Being detained under the Mental Health Act
So what are the consequences for the patient? Obviously, these sections allow for the person to be detained against their will, and this is an example of a due process of law which allows for someone to be deprived of their liberty. If the person were to abscond and be absent from hospital without permission, they could be taken into custody by hospital staff or a police officer and returned to hospital.
Sections 2 and 3 (although not section 136) allow for someone to be given medical treatment, even if they do not want it. There are certain safeguards built into this, so that after a period of medication being given against their will, the Mental Health Act requires an independent doctor to give a second opinion as necessity.
So far, I’ve discussed the implications for the patient once they have been detained, however many people are concerned about the longer term implications of having been on a section of the Mental Health Act, such as what will it do for my job prospects, or travelling abroad.
Mental Health Act and employment
Newly issued guidelines issued to police forces in England and Wales, say it would not always be appropriate to disclose the use of Section 136 by the police to potential employers. Police records are consulted as part of Disclosure and Barring (DBS) checks by employers, required for people applying for jobs working with vulnerable people. New Home Office guidance says that unless there was other information held by the police regarding behaviour which might be relevant to someone’s job application, then use of Section 136 should not be disclosed. You can view this guidance here.
Home Office guidance suggests some other questions to be considered before revealing information about someone’s mental disorder. Having looked at these questions, I think these could be a useful way of deciding how any information you hold about someone might be shared.
- Relevant – have you clearly established a clear and current risk to the vulnerable?
- Substantiation – is your information hearsay or confirmed by a qualified party?
- Proportionate – would disclosure be proportionate in this instance?
- Representation – do you need to check or confirm pertinent aspects of the information?
- Ought to – is disclosure necessary? Have you assessed the impact on the applicant?
- Reasonable– are your opinions/conclusions reasonable?

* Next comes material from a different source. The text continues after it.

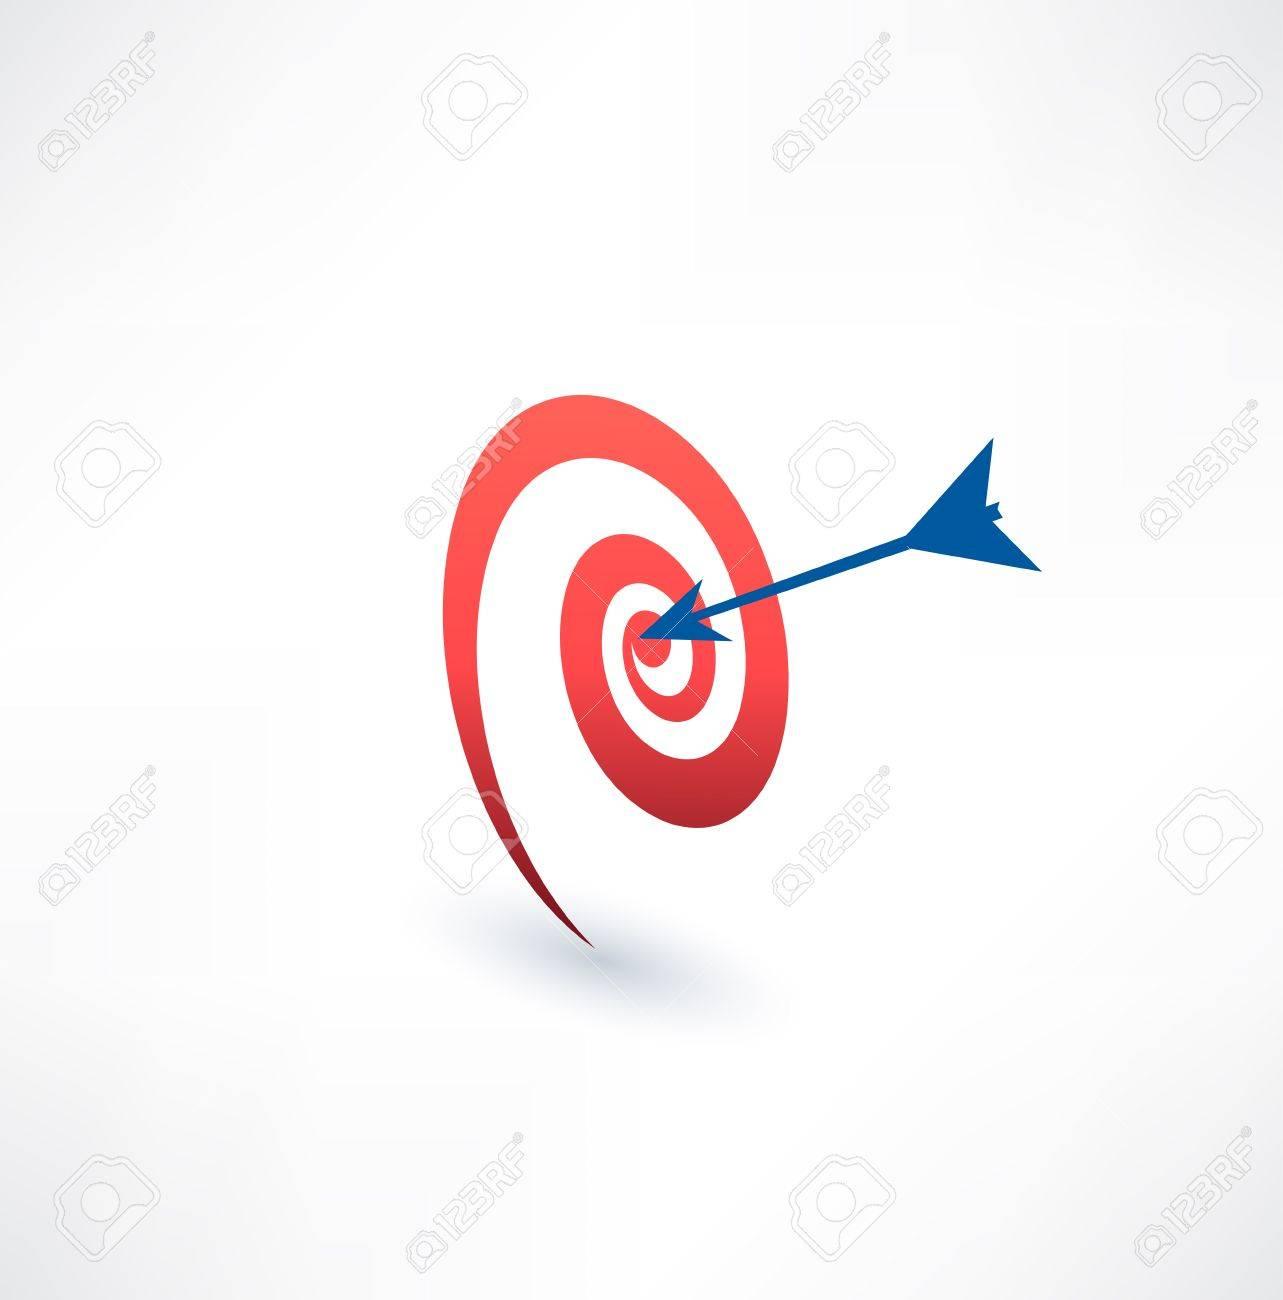 Target and arrow icon. The concept of purpose. Logo design. Standard-Bild - 33673038
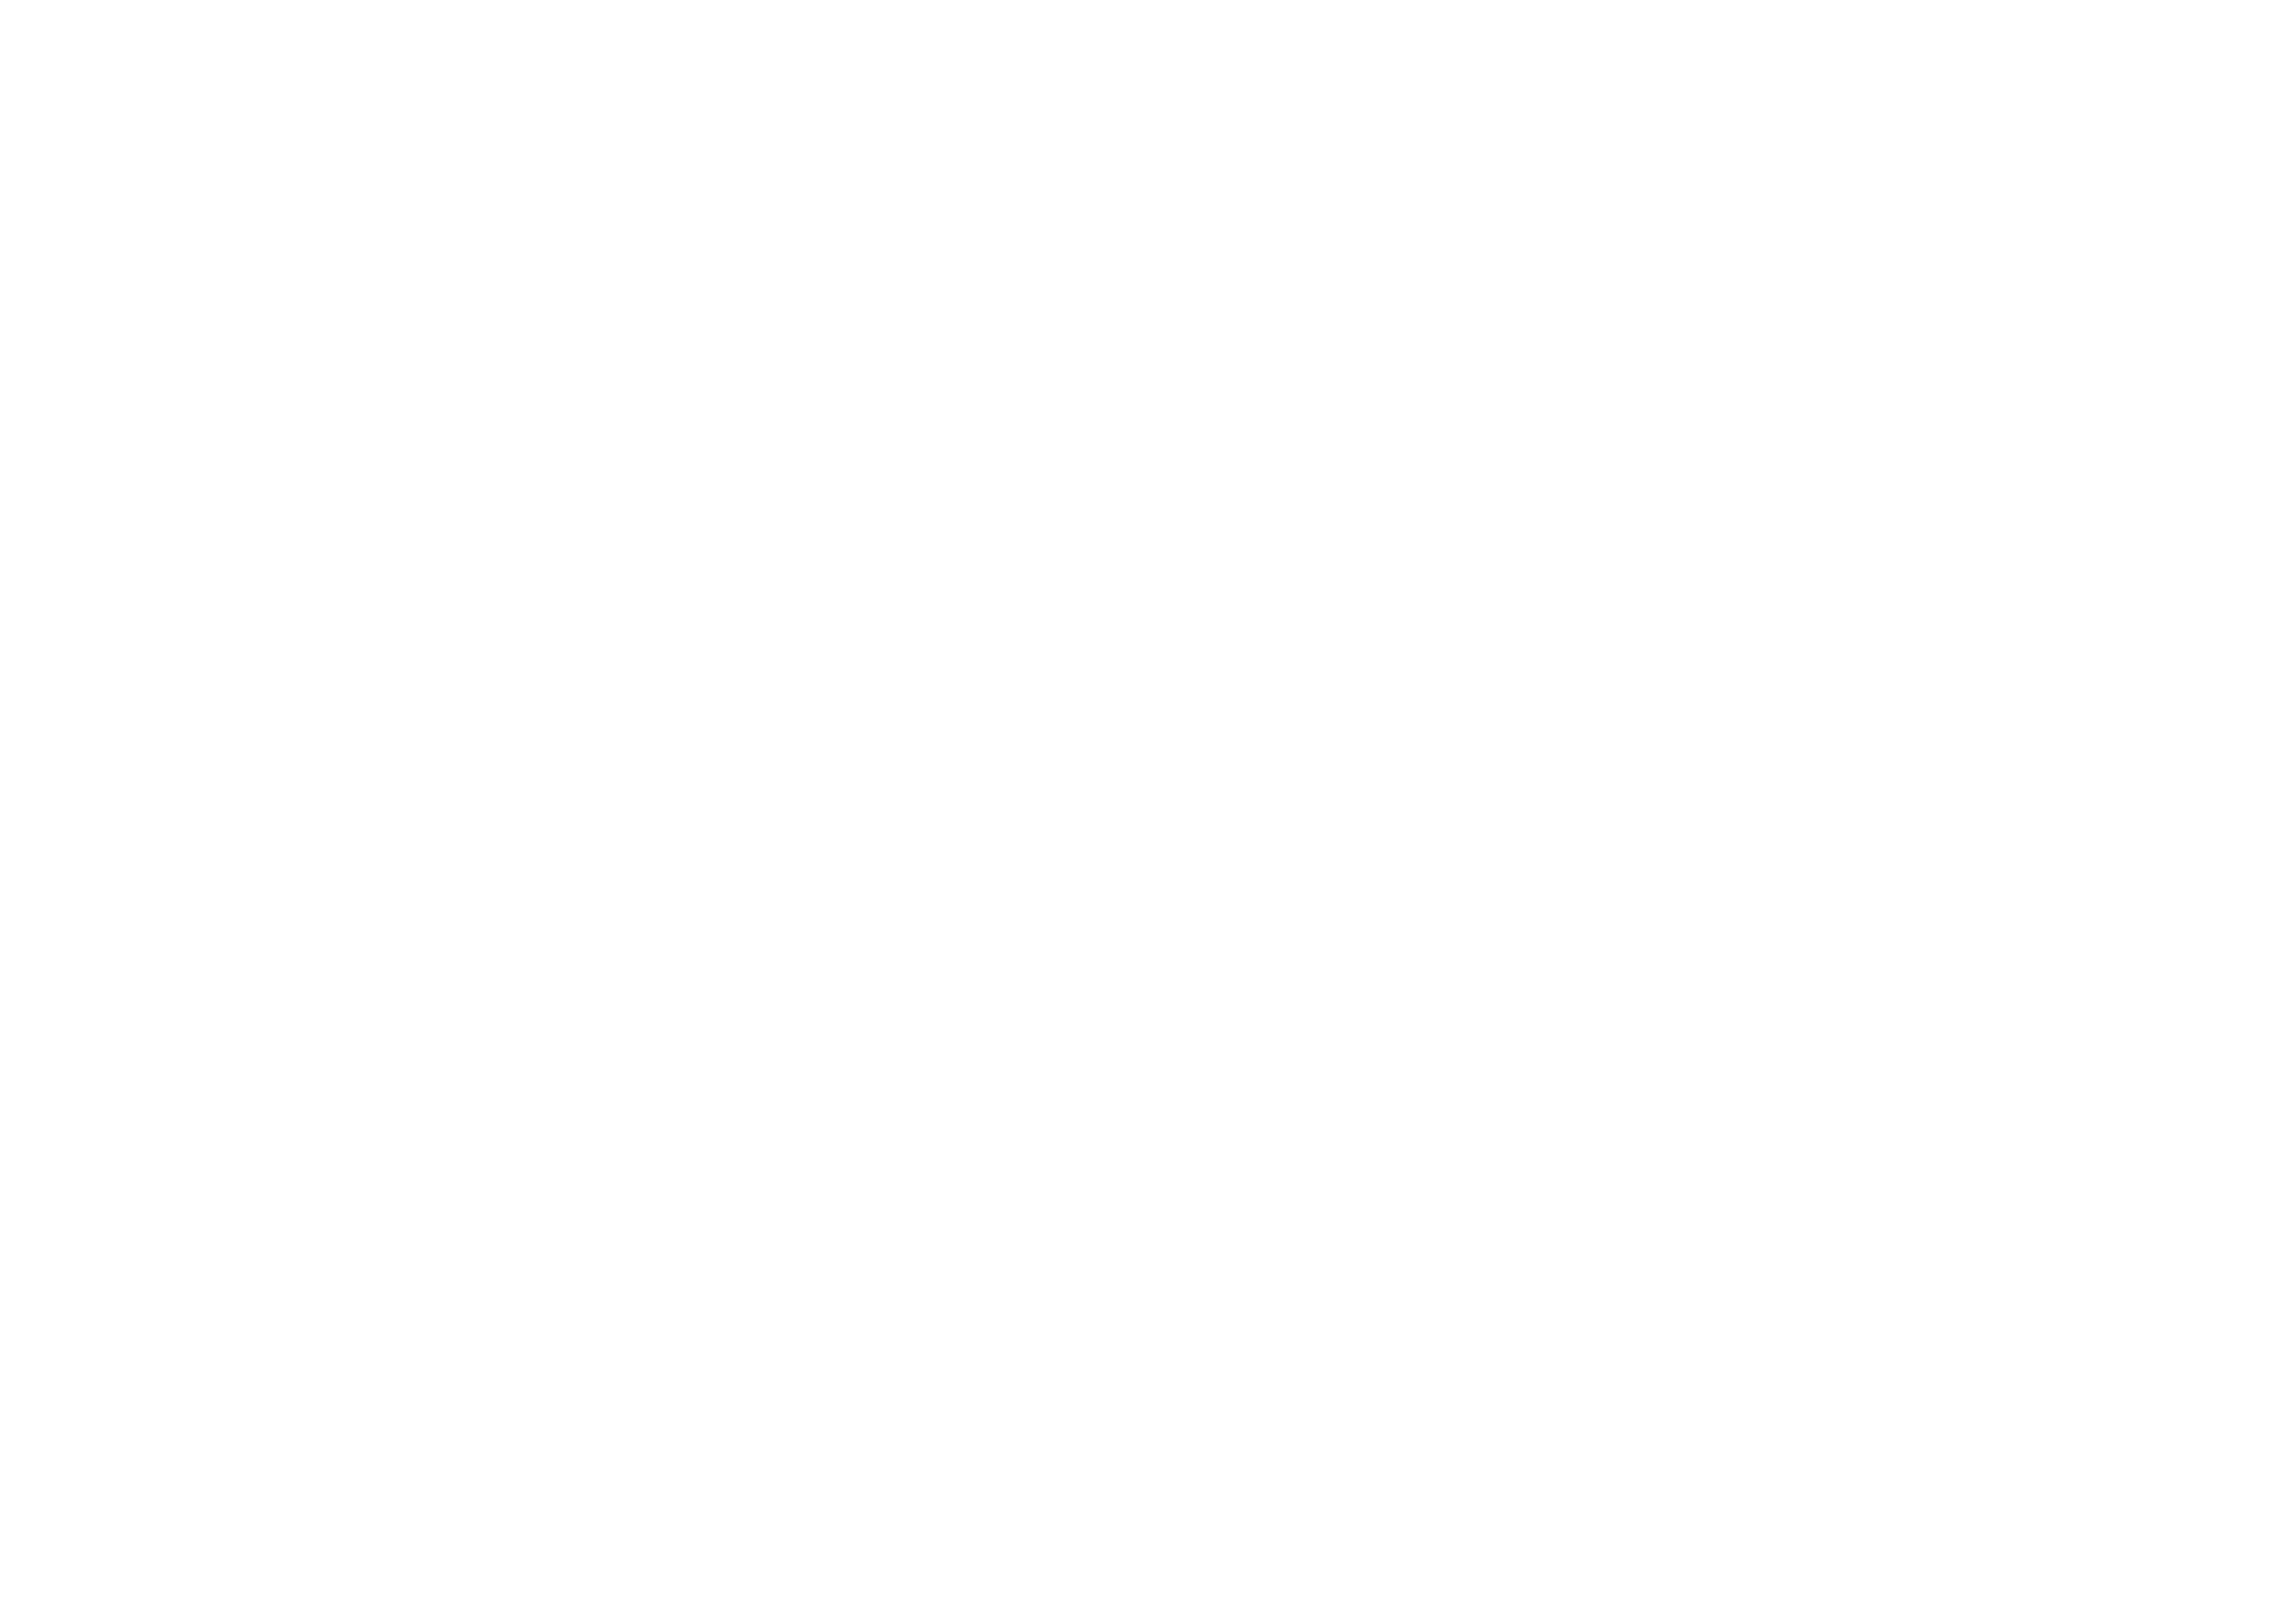 rhrc layout3-03.png

- Final disclosure text – are you disclosing more than is justified? Is it balanced?
Sometimes people say you won’t be able to travel abroad if you’ve been detained in hospital. There is certainly a rigorous process in obtaining a visa to travel to some countries, and the United States and China are countries often cited. Interestingly, the application process to enter these countries does not mention hospital detention records. The USA’s Electronic System for Travel Authorisation application form asks if you have or have had a mental disorder and a history of behaviour associated with the disorder that may pose or has posed a threat to your property, safety or welfare or that of others. China’s visa application form asks if you are experiencing serious mental disorder.
Similarly, if you were applying for travel insurance, companies will ask about any pre-existing conditions such as mental disorder. However, may not use that information in a discriminatory way. The Equality Act 2010 indicates that for people with mental disorder there might be circumstances in which your application for insurance could be treated differently (for example a higher premium) but that must be on the basis of reasonable evidence. MIND, the national mental health charity, produce a very useful guide about insurance cover and mental health that can be downloaded here.
Finally the issue of voting, of which I have written about in a previous blog which you can read here. People who have been detained under Section 2 or 3 of the Mental Health Act are fully entitled to vote in local and national elections.